German open-ended Spezialfonds have drawn a record sum of €131bn in net inflows last year, out of a total inflows of €256bn, a new peak from the €128bn recorded in 2020, according to figures released yesterday by the Investment Funds Association BVI.
The fund industry is managing an all-time high €4.33trn in net assets after an “exceptional” 2021, BVI’s president Alexander Schindler said, up from €3.85trn in 2020.
Assets grew overall by more than 140% over the past 10 years, making Germany the largest fund market in the EU with a 27% share according to the European Central Bank.
BVI’s figures show that, of the total assets, €2.18trn is managed in open-ended Spezialfonds, which represent therefore the largest fund type in Germany, and €634bn is managed under discretionary mandates.
This means that nearly two thirds of total assets managed is owned by institutional investors including retirement benefit schemes or insurance companies, BVI noted. The remaining €1.47bn is managed in open-ended retail funds and €41m in closed-ended funds.
The year-on-year increase in assets in closed-ended funds, from €29bn in 2020 to €41bn last year, signals the growing value of alternative asset classes, such as private equity and private debt, for institutional investors seeking opportunities of higher returns in private markets, it added.
Private equity funds increased their assets almost tenfold over the past three years to reach a level of €24bn, according to BVI.

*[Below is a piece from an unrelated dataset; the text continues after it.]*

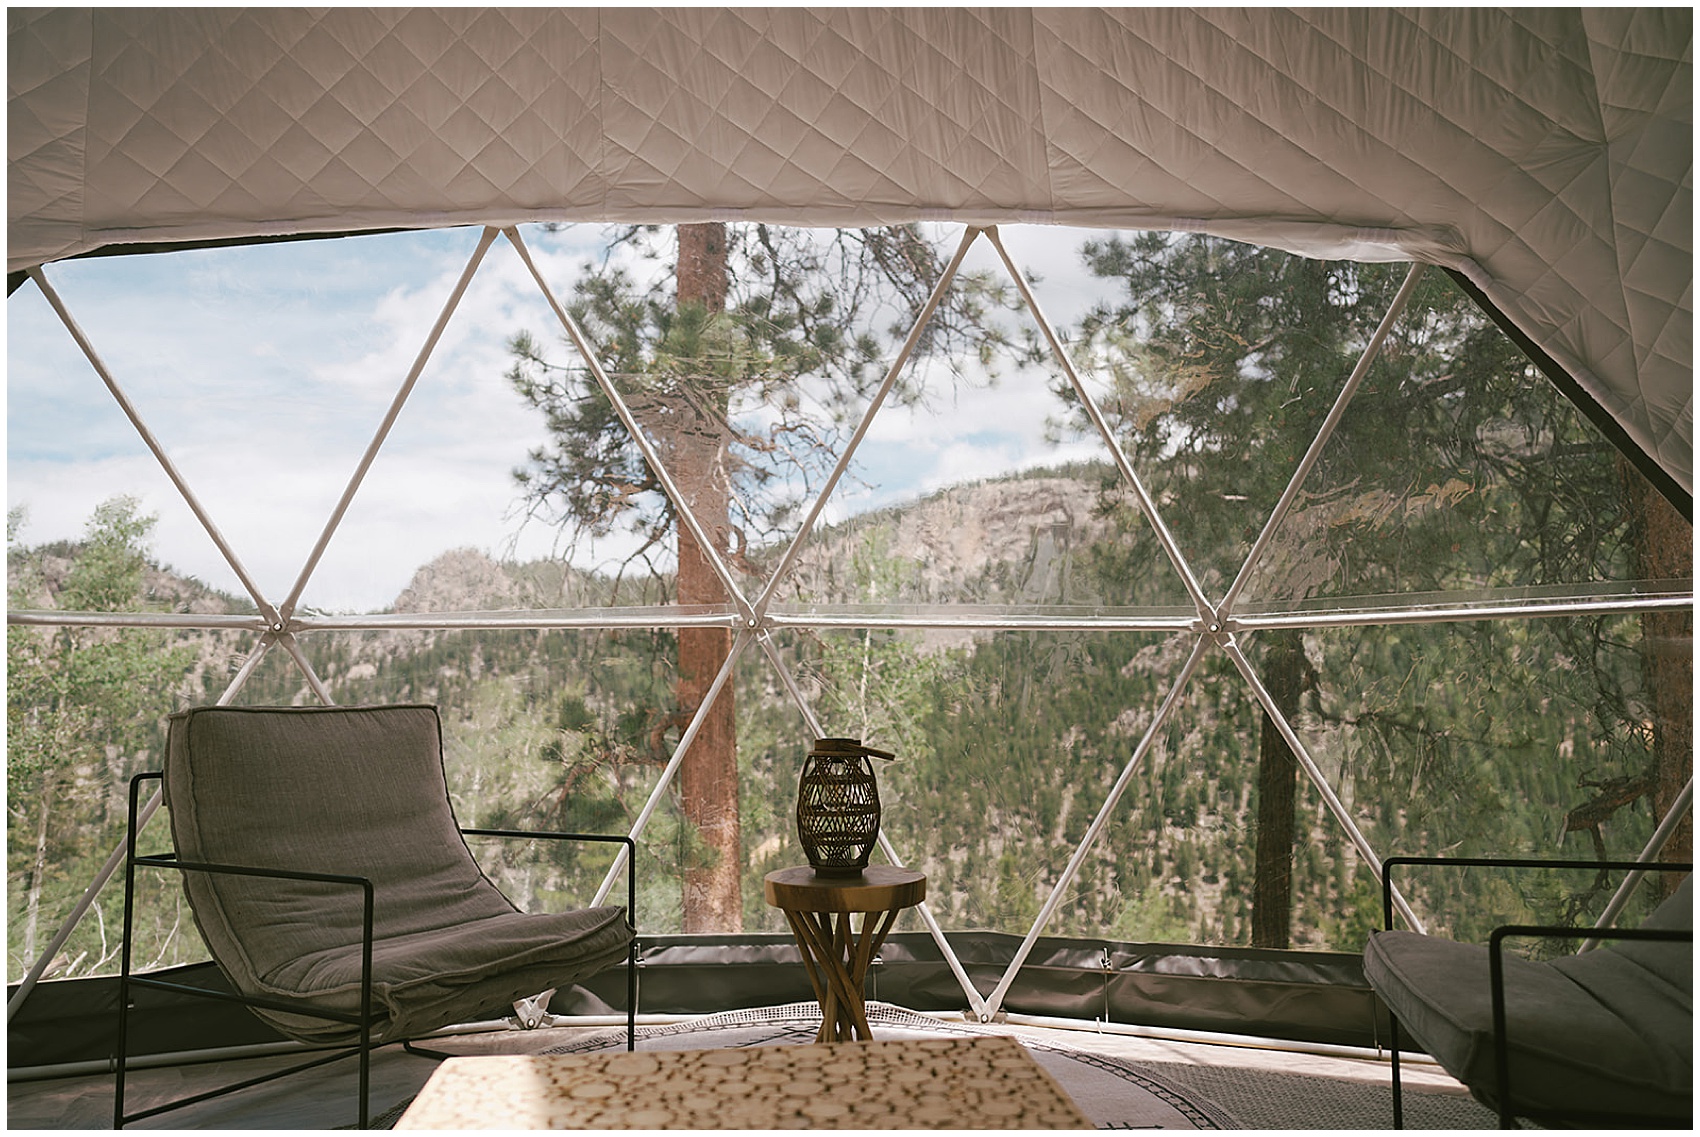 Details of the bridal suite overlooking the mountains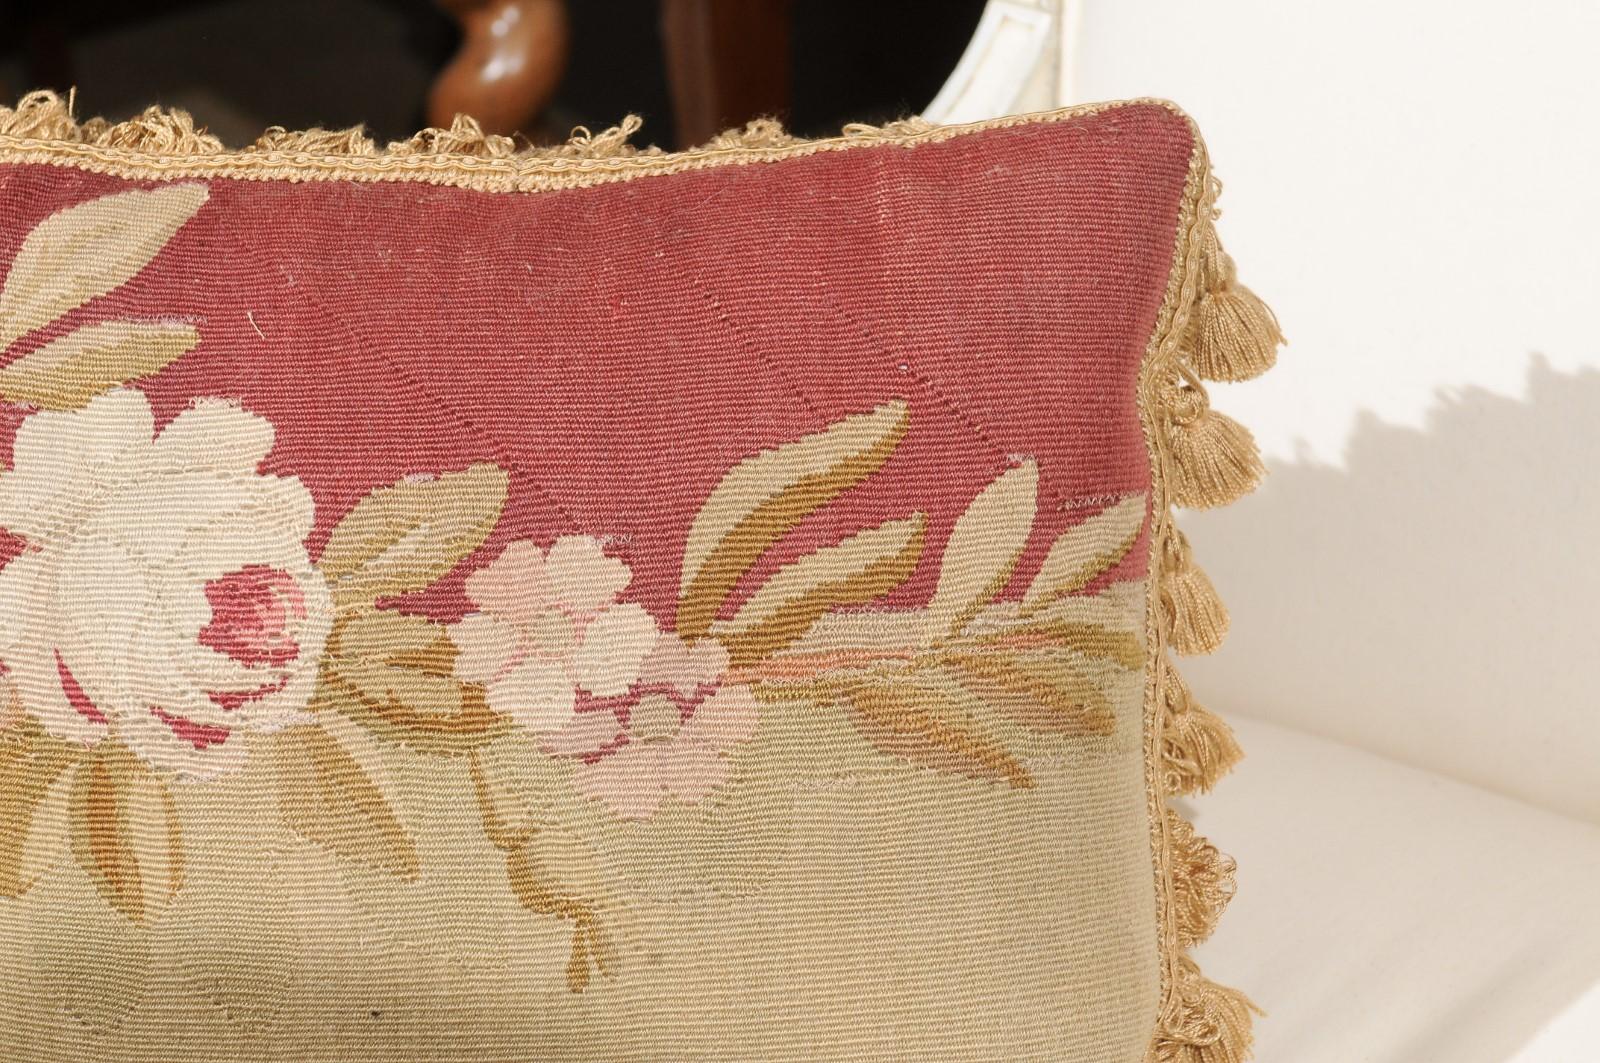 French 19th Century Aubusson Tapestry Pillow with Rose and Tassels For Sale 6

The German fund industry is managing a total of €588bn in Spezialfonds and sustainable retail funds according to Article 8 or 9 of the EU Sustainable Finance Disclosure Regulation, and 16% of the assets in the funds is invested in products with sustainable characteristics.
EU taxonomy and pension reforms
Commenting on the EU taxonomy and the decision of the European Commission to include nuclear and natural gas as sustainable activities, BVI said that shareholders’ engagement guides companies with “poor sustainability scores” towards transforming their business models, therefore sustainable funds should be allowed to remain invested in such companies.
It added that the guidelines of the supervisory authority BaFin complicate the picture for sustainable investment funds that are required to comply with several minimum exclusions.
BVI’s chief executive officer Thomas Richter said that BaFin is accepting that “funds with sustainability features will be set up in Luxembourg or Ireland because its rules only apply to German funds”.
The BVI therefore is against a “German approach to sustainability requirements”, favouring instead an “active participation to help shape EU regulation on sustainability at all levels,” it said.
The association is backing the plan to reform Germany’s first pillar pension system put forward by the government coalition, with a capital component, similar to the Swedish model, or statutory-equity pension.
The government is also planning to “fundamentally reform” the private pension system by setting up a public fund to offer an inexpensive product with an opting-out clause.
“We reject the idea of state funding in privately funded old-age provision,” Richter said, adding that instead BVI supports the coalition’s review of the legal recognition of private investment products with higher returns, calling to consider fund savings plans for old-age provision.
A flexible premium guarantee should be added to Riester-Rente contracts to achieve higher returns, it said.